`sum_(n=1)^oo 1/n^n` Use the Root Test to determine the convergence or divergence of the series.

Expert Answers
marizi eNotes educator| Certified Educator

Recall the Root test determines the limit as:

`lim_(n-gtoo) root(n)(|a_n|)= L`


`lim_(n-gtoo) |a_n|^(1/n)= L`

 Then, we follow the conditions:

a) `Llt1 ` then the series is absolutely convergent.

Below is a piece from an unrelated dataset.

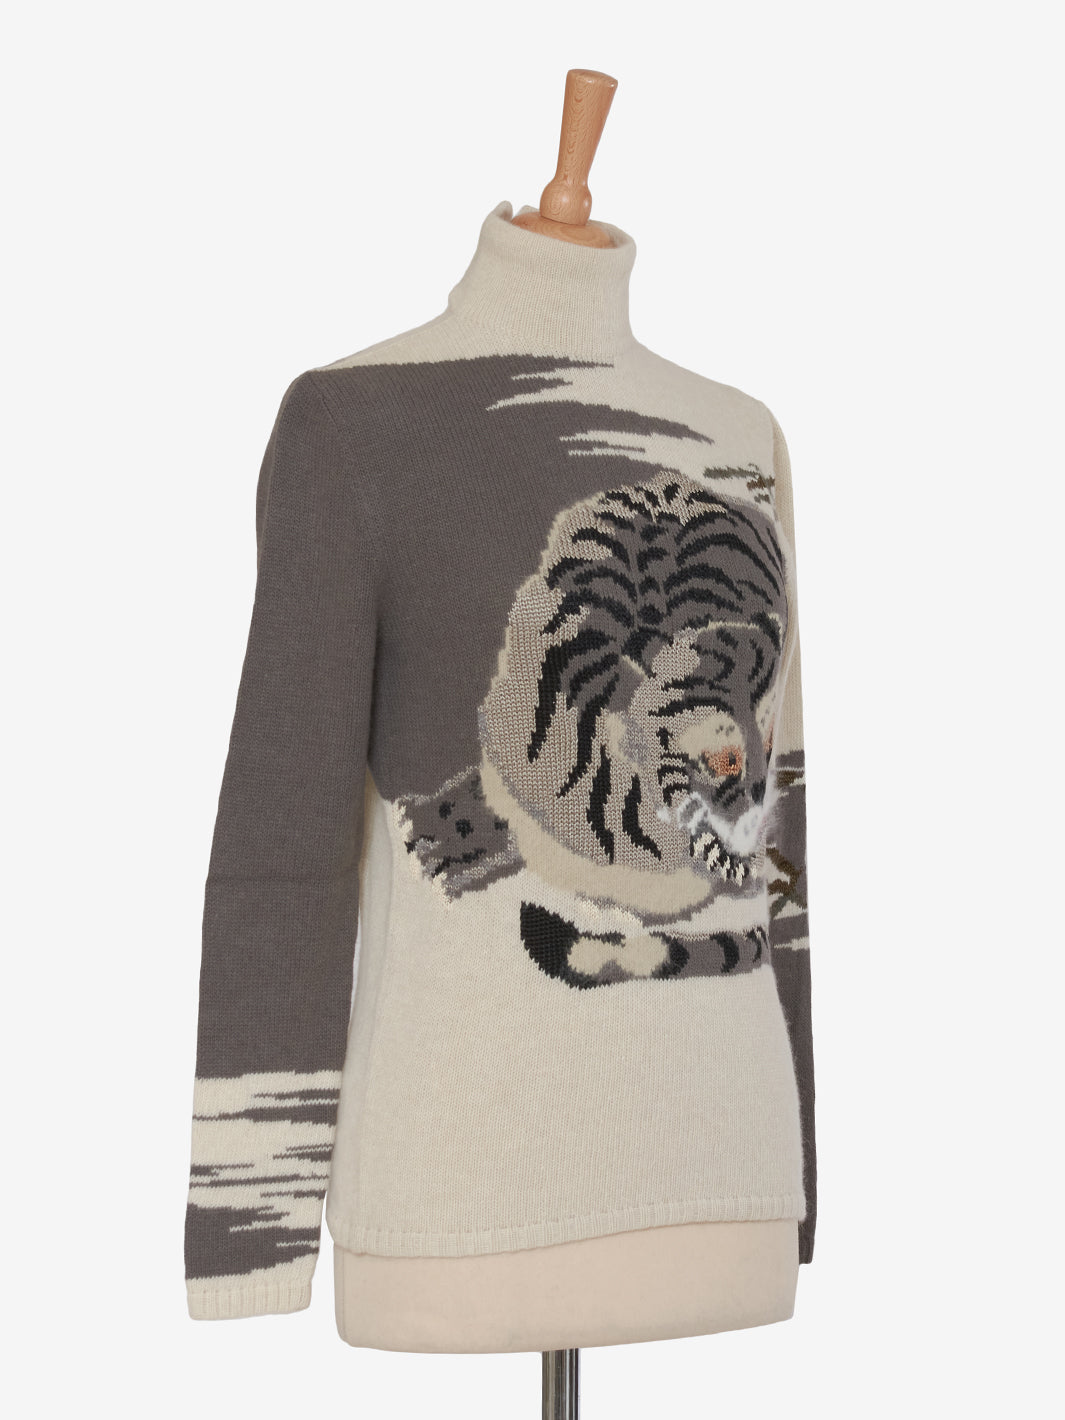 Krizia Wool mock t-shirt with hyena embroidery

b) `Lgt1` then the series is divergent.

c) `L=1` or does not exist  then the test is inconclusive. The series may be divergent, conditionally convergent, or absolutely convergent.

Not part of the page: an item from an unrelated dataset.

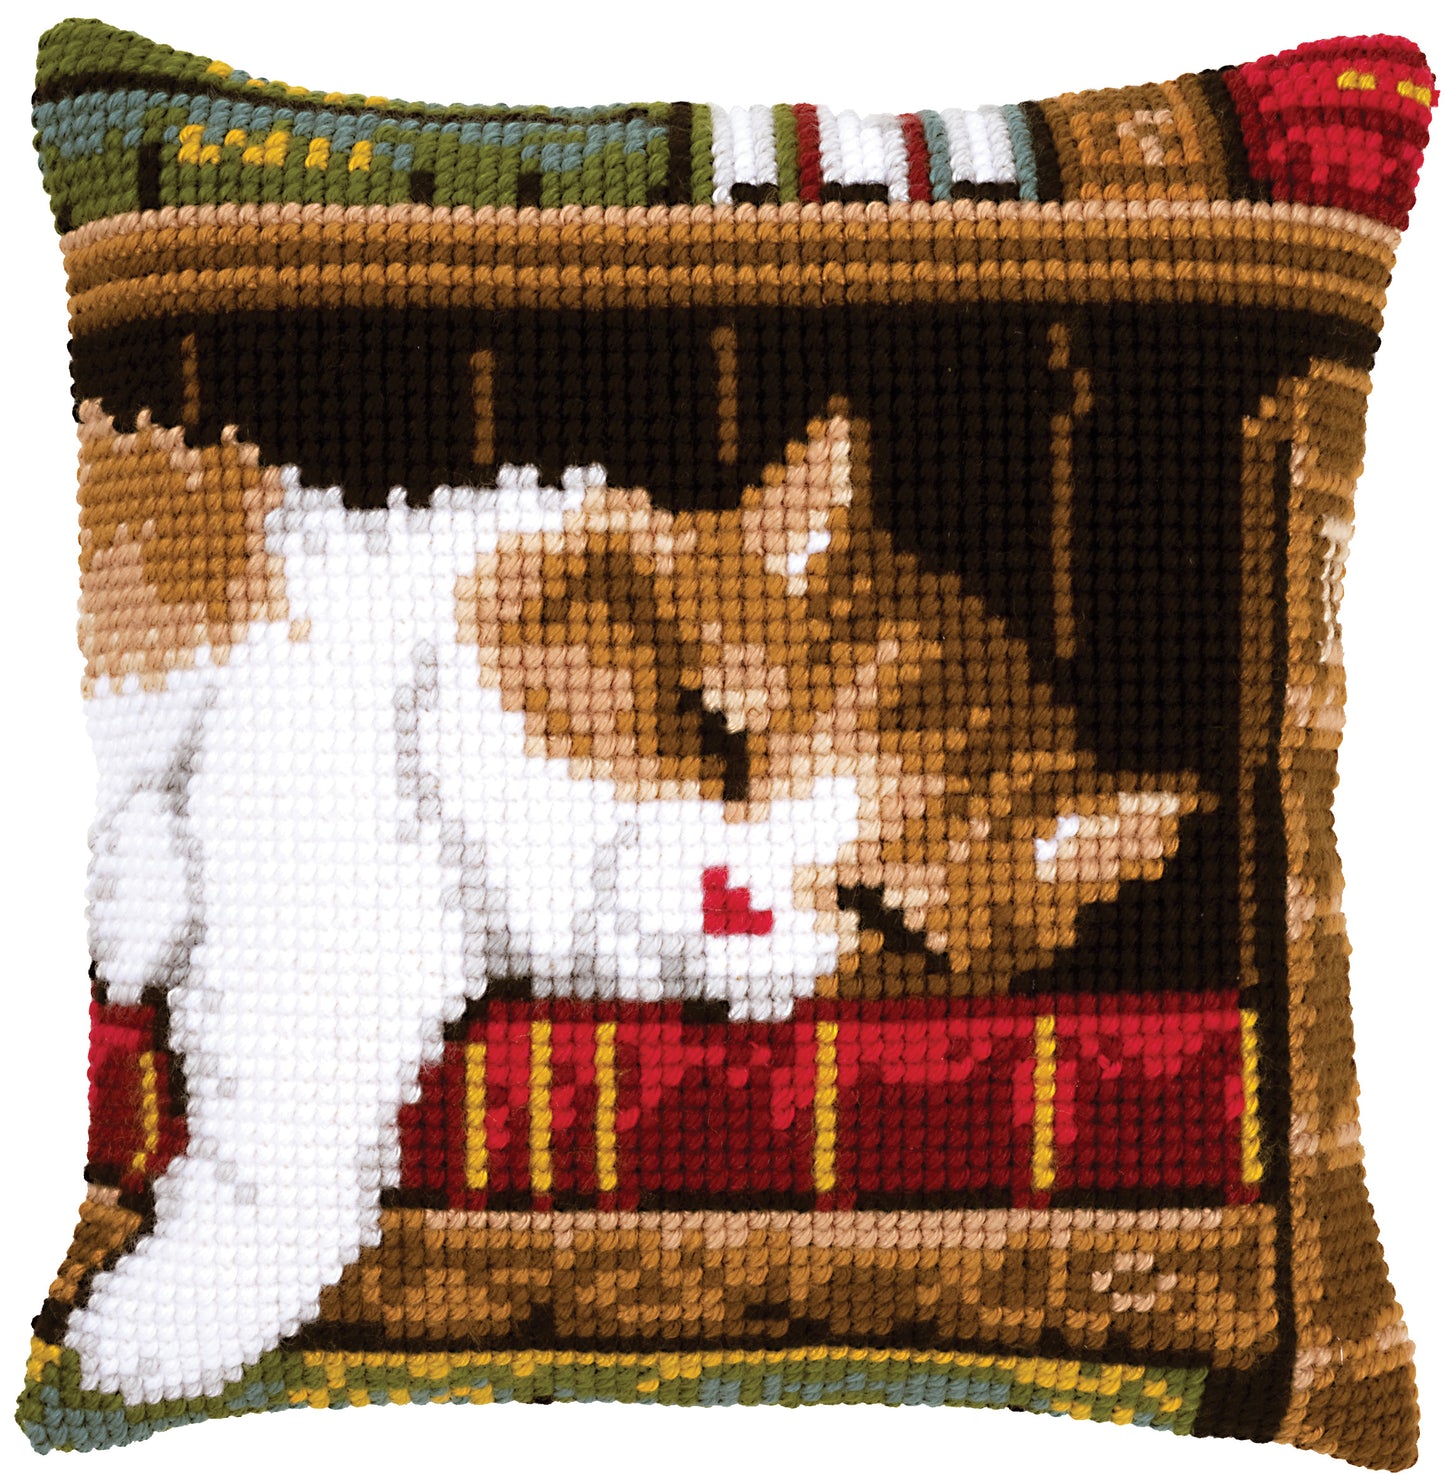 Sleeping Cat Large Holed Cross Stitch Cushion Kit by Vervaco

We may apply the Root Test to determine the convergence or divergence of the series `sum_(n=1)^oo 1/n^n` .

For the given series `sum_(n=1)^oo 1/n^n` , we have `a_n =1/n^n` .

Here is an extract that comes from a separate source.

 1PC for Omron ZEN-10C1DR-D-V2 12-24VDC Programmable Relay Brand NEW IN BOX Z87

Applying the Root test, we set-up the limit as: 

`lim_(n-gtoo) |1/n^n|^(1/n) =lim_(n-gtoo) (1/n^n)^(1/n)`

 Apply the Law of Exponents:  `(x/y)^n =(x^n/y^n)` .

`lim_(n-gtoo) (1/n^n)^(1/n)=lim_(n-gtoo) 1^(1/n)/n^(n*(1/n))`

                       ` =lim_(n-gtoo) 1^(1/n)/n^(n/n)`

                       ` =lim_(n-gtoo) 1^(1/n)/n^1`

                       ` =lim_(n-gtoo) 1^(1/n)/n`

Evaluate the limit.

`lim_(n-gtoo) 1^(1/n)/n = (lim_(n-gtoo) 1^(1/n))/ (lim_(n-gtoo)n )`

                ` = 1^(1/oo)/oo`

                ` = 1^0/oo`

                ` = 1/oo`

                ` =0`

The limit value `L =0` satisfies the condition: `Llt1` .

Therefore, the series `sum_(n=1)^oo 1/n^n`   is absolutely convergent.